Still, I could almost reconcile myself to the games for the sake of all the First Nations art commissioned for them. Some of that art was on display this weekend at the Aboriginal Art Exhibition at Canada Place this weekend, and I thoroughly enjoyed it – even if the lack of organization at the event seems ominous if it is a foretaste of how the games themselves will be run.

Being appreciative of the commissioned art is something you can file under No-Brainer. I mean, what’s not to like about the art? There’re medals with Corrine Hunt designs, commemorative coins by Jody Broomfield. The snowboarding pavilion at Cypress Bowl will have a wall graced with a new work by Dean Heron. GM Place will have a new work by Alano Edzerza, Nat Bailey Stadium a new work by Aaron Nelson-Moody, and the list goes on and on.

After fumbling badly by making the symbol of the game the inukshuk – a symbol that has nothing to do with British Columbia, much less Vancouver – the games organizers have had the sense to commission locally, focusing on less established artists and on members of the Salish nation, whose territory the Vancouver venues are on. I understand that some 45 works of public art will be added to the Lower Mainland as a result of the games, and I consider that an unalloyed good.

Sadly, though, the Olympic organizers fumbled again in their first efforts to bring most of these works to the public. The display was almost completely unpublicized except for newspaper stories just before the event and some Internet transmission. Even then, it was called an exhibition, so that most people arrived unaware that most of the work on display was for sale – an oversight that bitterly disappointed the artists who had taken tables and paid the exorbitant prices charged for parking at Canada Place.

Even worse, the management of the event was haphazard. I heard artists complain that they were unable to set up for credit or debit cards, and the rumor was that the one bank machine in the exhibit hall required a substantial surcharge to use.
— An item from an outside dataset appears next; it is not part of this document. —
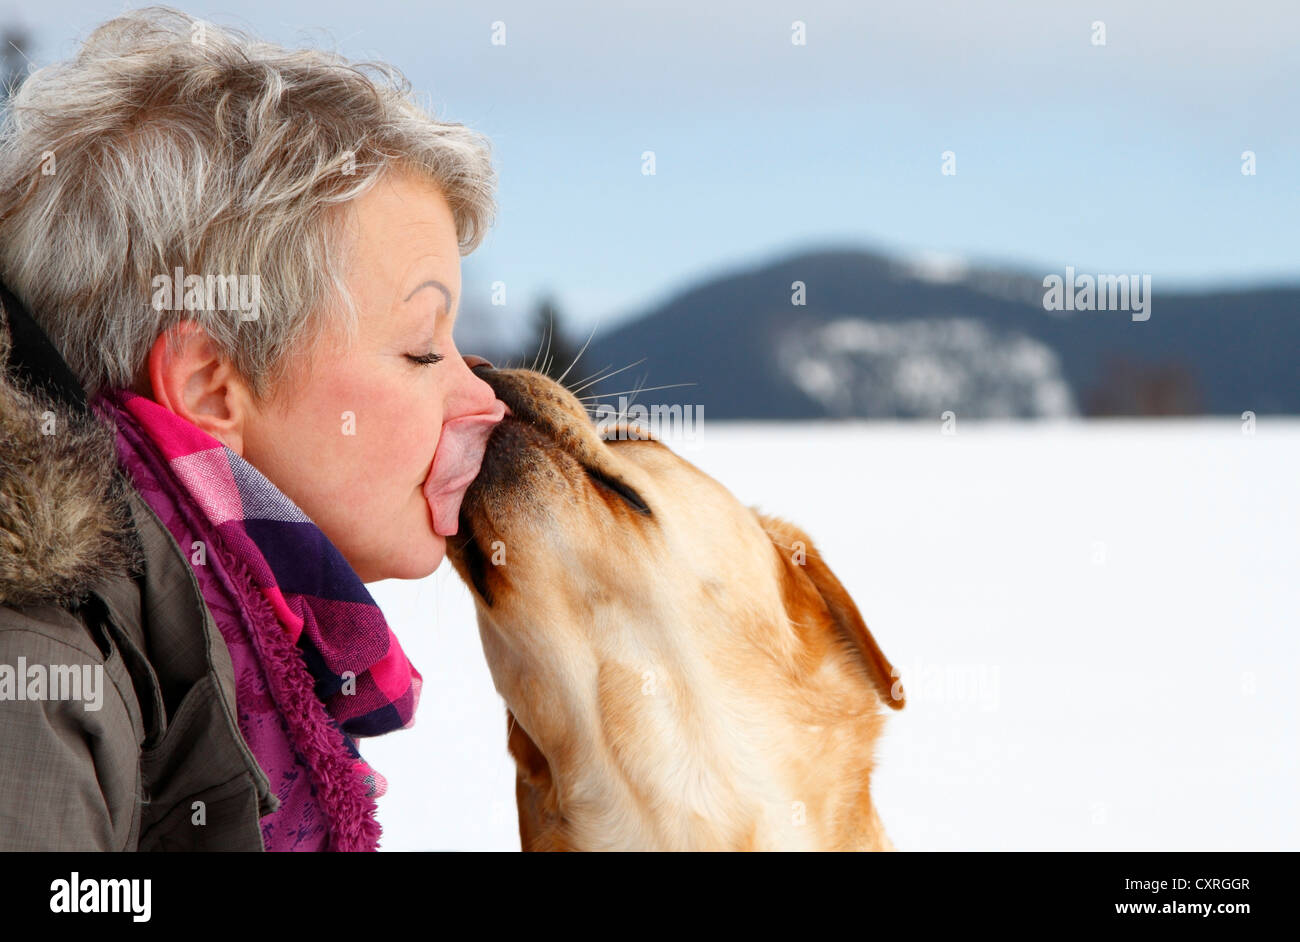 Woman having face licked by Golden Retriever, Thuringia, Germany, Europe Stock Photo

And perhaps the worst thing was that, in order to fill up the hall, the organizers seem to have let anyone exhibit who cared to pay for the table. As a result, many tables displayed tourist junk that did not belong in the same exhibit as the commissioned artists.

For me, the incompetence of the organizing was summed up by the sight of two singers on the stage gamely belting out songs to rows of empty chairs, and a snack bar that had closed down at least two hours before the end of the show. Meanwhile, the exhibitors were strolling around talking to each other.

Such poor planning undermines the celebration of the artists. My impression is that the exhibition organizers couldn’t have cared less if the artists were treated with respect.

Perhaps the organizers can learn, but if this is how they put on such a relatively small event, then we should expect chaos during the games themselves. I might be lured downtown to see the aboriginal market at the Queen Elizabeth Theatre, but I, for one, plan to spend the three weeks of the games bunkered down safely in Burnaby, far away from the insanity.